Веселые, освещенные пламенем костра лица, песни, сменяющие одна другую – «Широка – а страна моя родная…», «Солнечный круг, небо вокруг…». Это было просто здорово и незабываемо. Из лагеря ребята разъедутся во все концы нашей необъятной Родины, но они навсегда увезут с собой воспоминания о море, тепло пионерского костра и верность пионерской дружбы.
На утро, прощаясь, Марина Усова протянула мне альбом:
– Это вам, на память.
Открыв альбом, на первой странице увидела свой карандашный портрет – сходство было несомненное, сзади – фон – море с купающимися фигурками. На следующей странице – уменьшенный вариант её рисунка на обще лагерный конкурс к родительскому дню – «Миру – мир!» – девочка, бегущая по земному шару, выпуская из рук голубя.
– Спасибо. Надеюсь увидеть тебя в Ленинграде в Мухинском.
– Жизнь покажет.
За Сеней Сажиным приехала бабушка – востроносая, сухая старуха с колючими глазами.
– Ты всё проверил? Ничего не забыл? Ничего своего нельзя оставлять.
– Бабушка, можно я с вожатыми попрощаюсь?

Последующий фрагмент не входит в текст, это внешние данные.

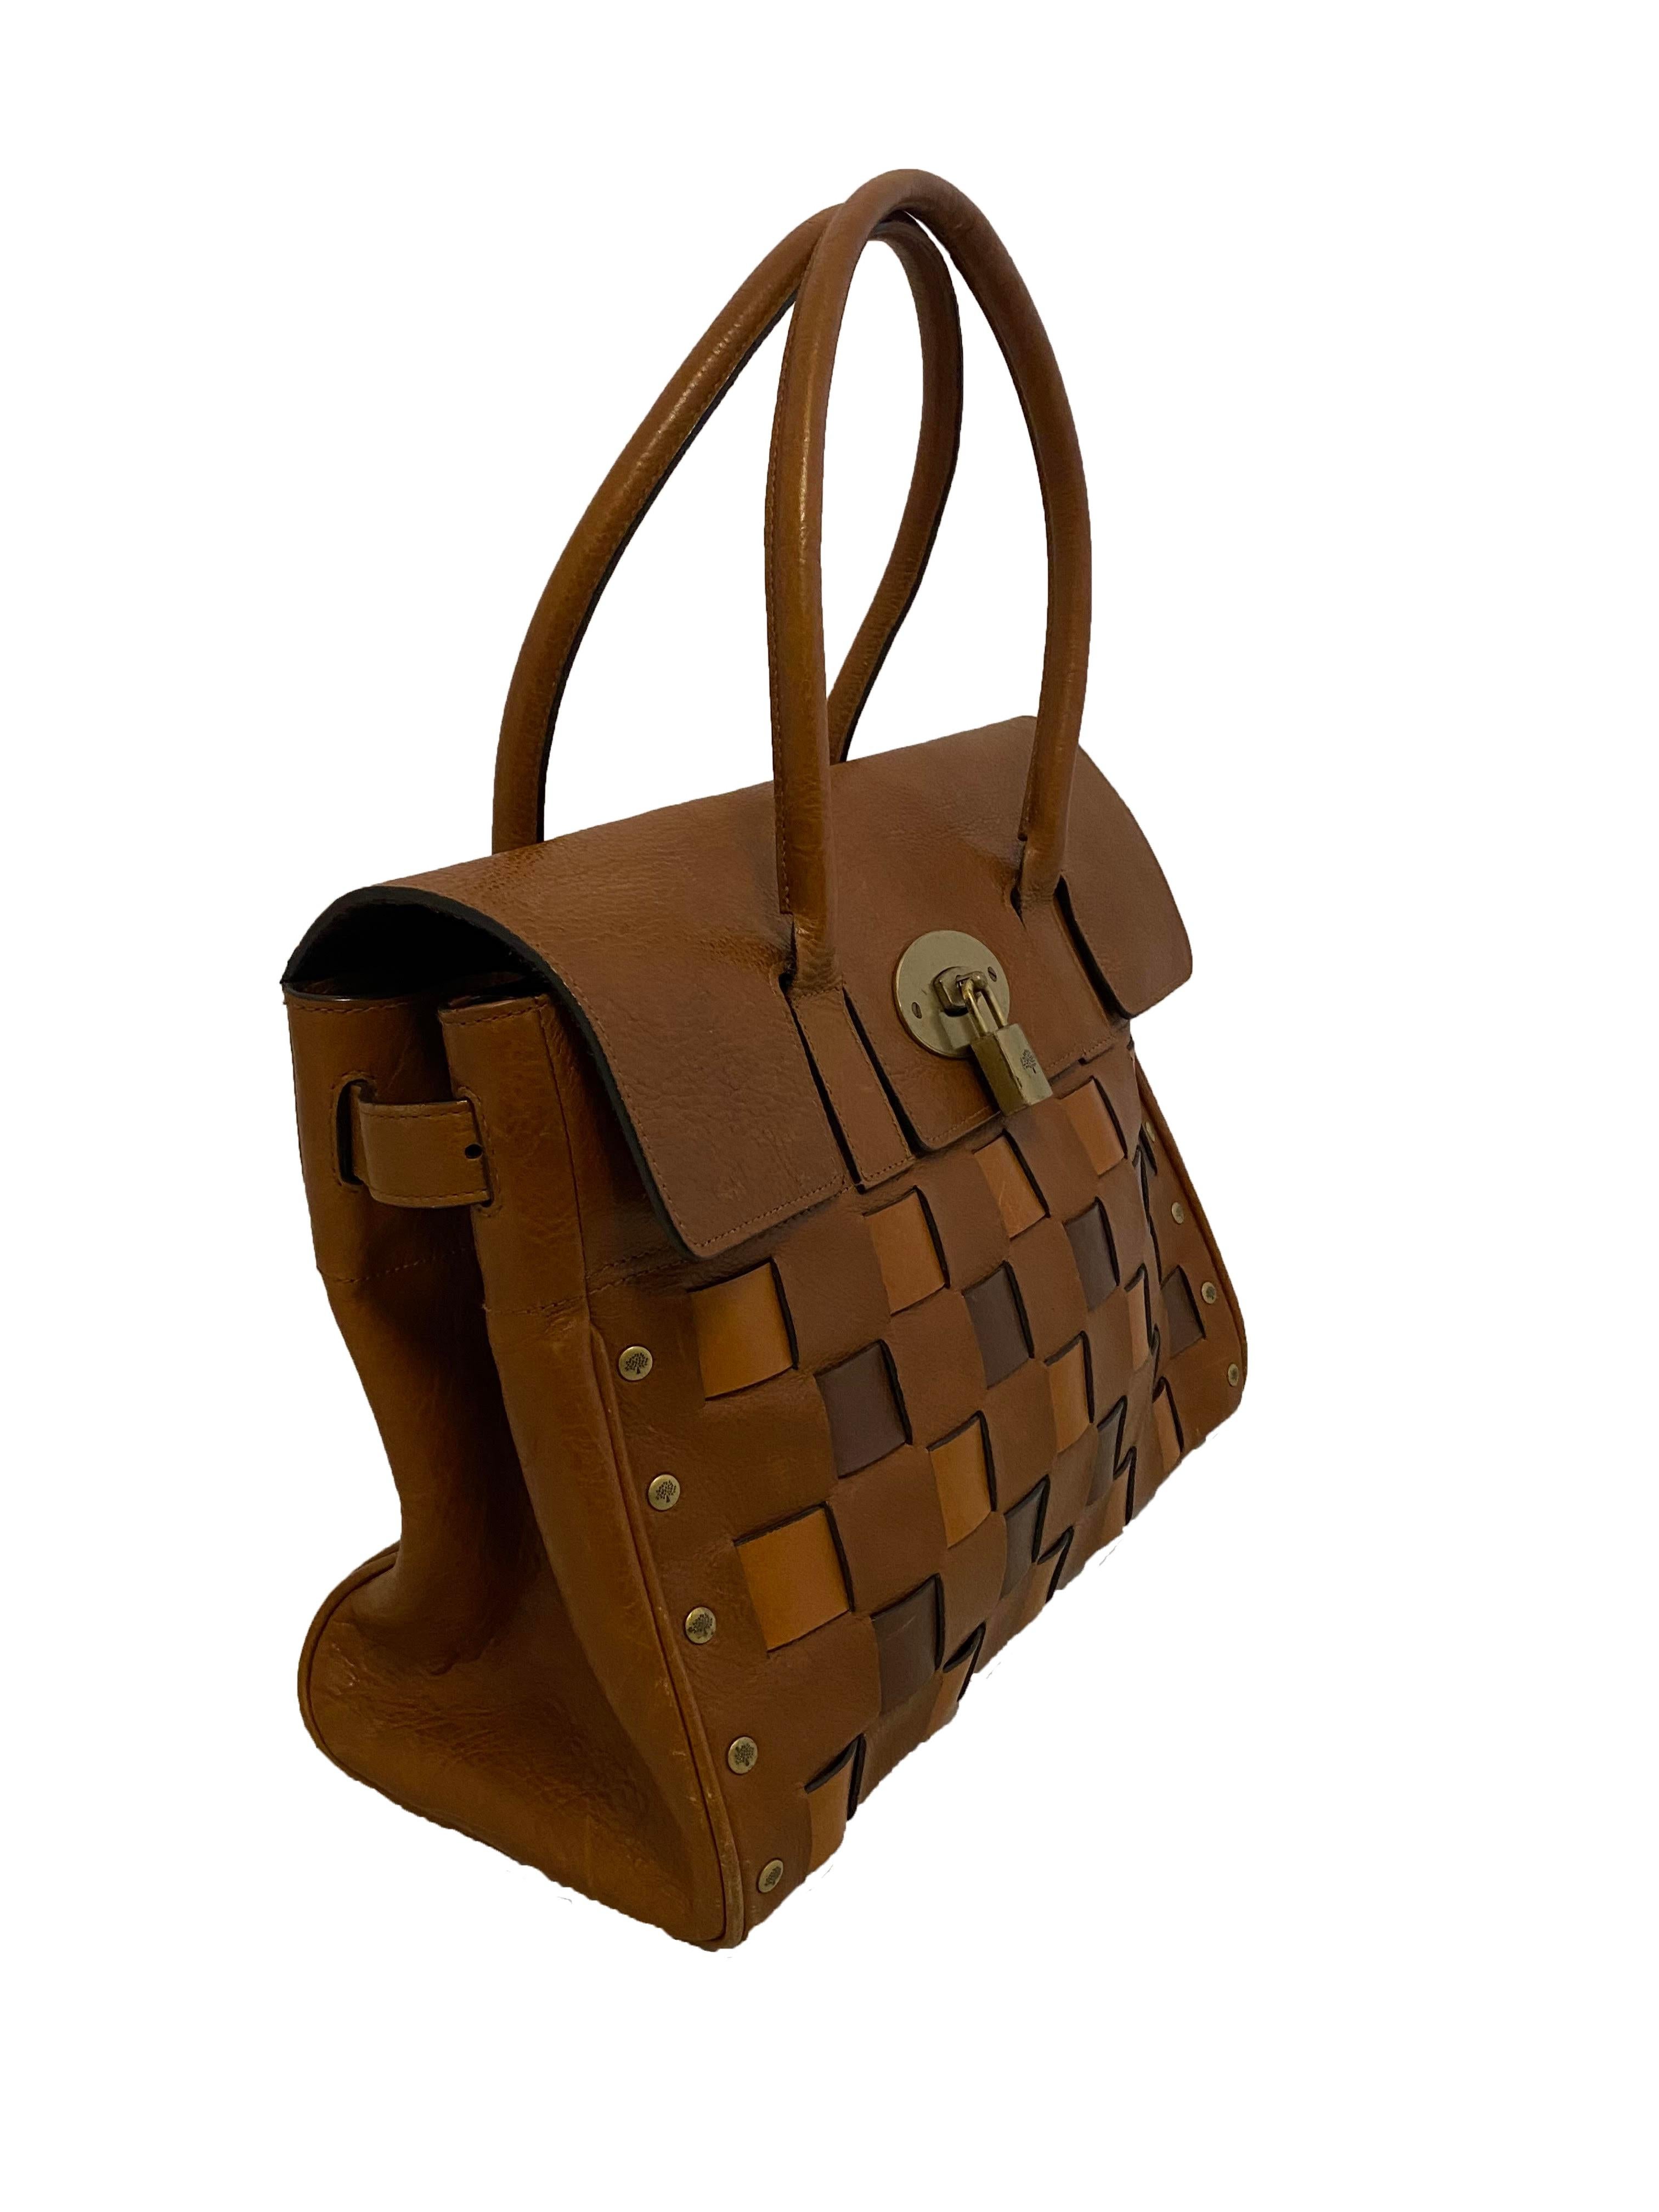 Rare vintage woven leather Bayswater bag from Mulberry. Tan leather upper with woven, intrecciato style leather in shades of lighter and darker brown leather across the front. Brassy toned hardware and tooling, with double rolled leather top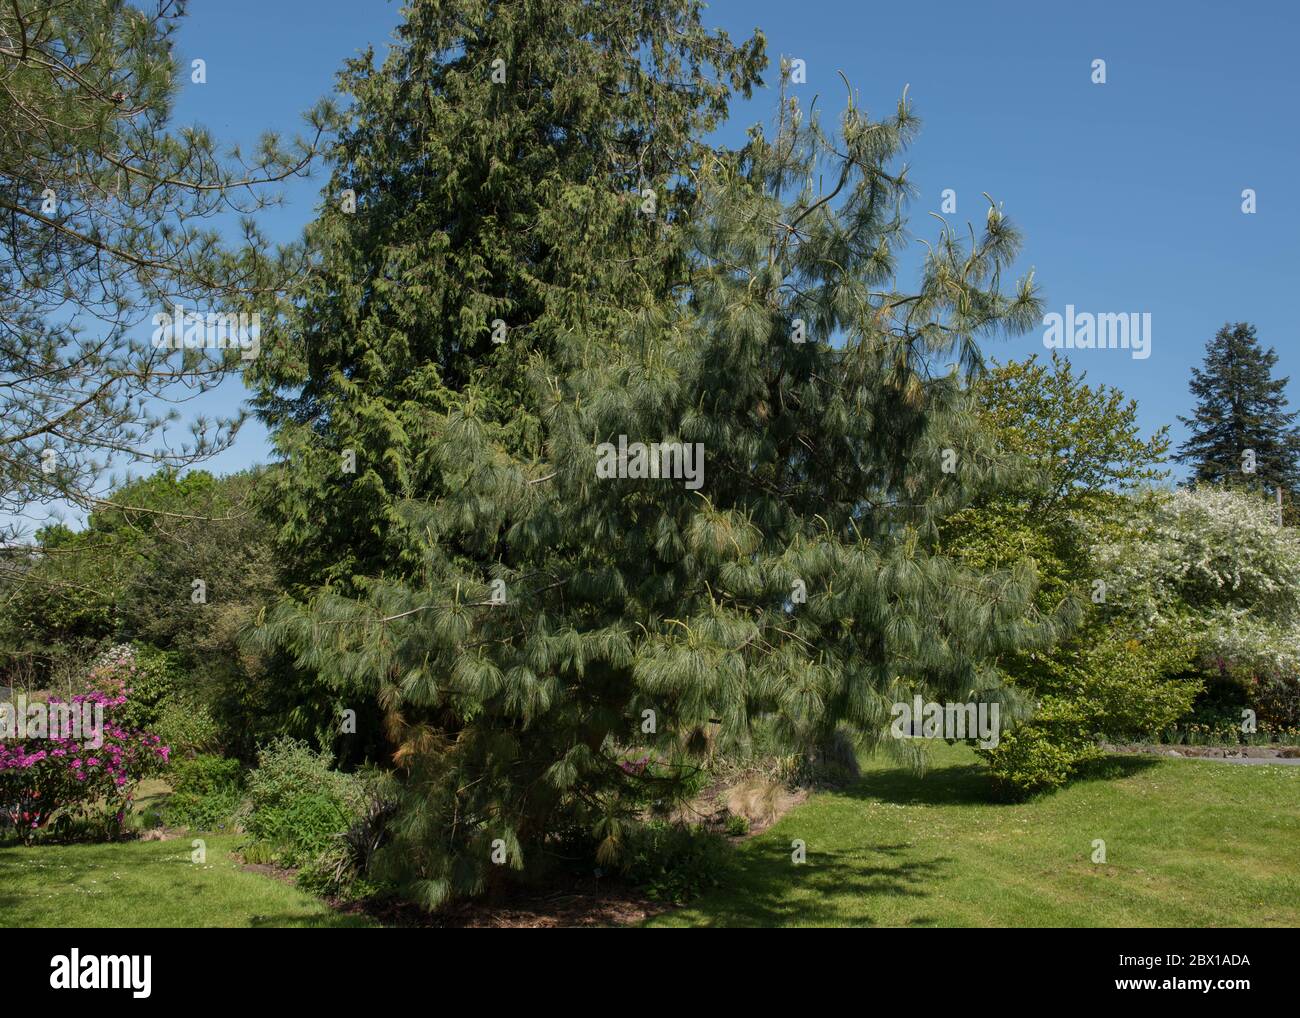 Green Foliage of an Evergreen Coniferous Armand or Chinese White Pine Tree (Pinus armandii) Growing in a Garden in Rural England, UK Stock Photo

– У тебя что – времени до этого не было?
– Ну, пожалуйста, – умоляюще протянул Сеня.
Увидев, что я краем глаза наблюдаю за ними, слышу их разговор, она нехотя произнесла:
– Иди, иди, прощайся.
Сеня подошёл ко мне и потихоньку, чтобы не видела бабушка, сунул мне в руку свернутую бумажку.
– Там адрес моей соседки, напишите мне, пожалуйста, по этому адресу.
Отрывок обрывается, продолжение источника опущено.